Insights into the magnetic dead layer in La0.7Sr0.3MnO3 thin films from temperature, magnetic field and thickness dependence of their magnetization

Experimental investigations of the magnetic dead layer in 7.6 nm thick film of La0.7Sr0.3MnO3 (LSMO) are reported. The dc magnetization (M) measurements for a sample cooled to T = 5 K in applied field H = 0 reveal the presence of negative remanent magnetization (NRM) in the M vs. H (magnetic field) measurements as well as in the M vs. T measurements in H = 50 Oe and 100 Oe. The M vs. T data in ZFC (zero-field-cooled) and FC (field-cooled) protocols are used to determine the blocking temperature TB in different H. Isothermal hysteresis loops at different T are used to determine the temperature dependence of saturation magnetization (M-S), remanence (M-R) and coercivity HC. The M-S vs. T data are fit to the Bloch law, M-S (T) = M-0 (1 - BT3/2), showing a good fit for T < 100 K and yielding the nearest-neighbor exchange constant J/k(B) congruent to 18 K. The variations of T-B vs. H and HC vs. T are well described by the model often used for randomly oriented magnetic nanoparticles with magnetic domain diameter approximate to 9 nm present in the dead-layer of thickness d = 1.4 nm.

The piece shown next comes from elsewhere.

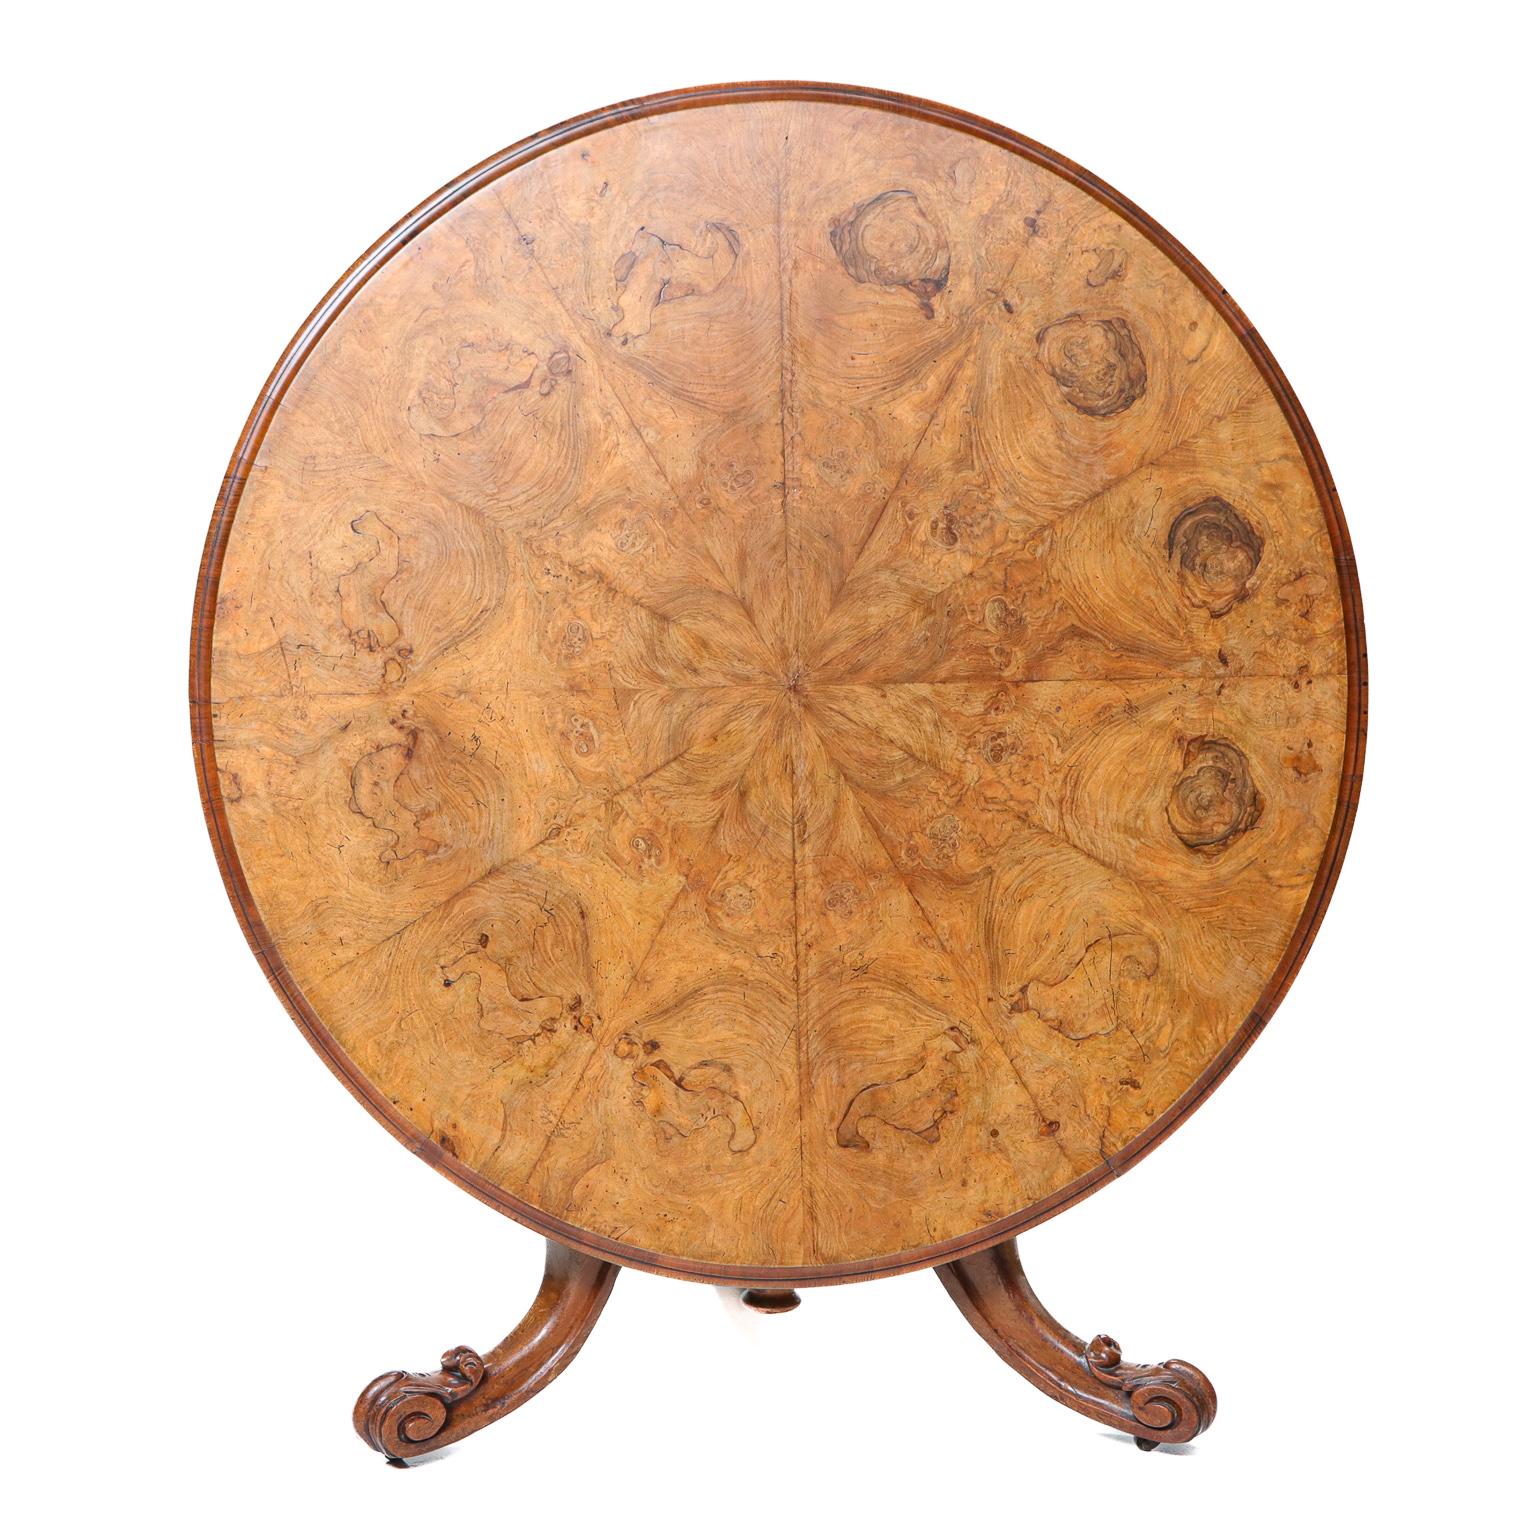 Victorian 19th C. Circular Walnut Tip Top Center Table with Burl Veneered Pie Crust Top For Sale

Finally, the data available from literature on the thickness (D) variation of Curie temperature (T-C) and M-S of LSMO films grown under 200, 150, and 0.38 mTorr pressures of O-2 are analyzed in terms of the finite-size scaling, with M-S vs. D data fit to M-S (D) = M-S(b)(1-d/D) yielding the dead layer thickness d = 1.1 nm, 1.4 nm and 2.4 nm respectively. Brief discussion on the significance of these results is presented. (c) 2018 Author(s).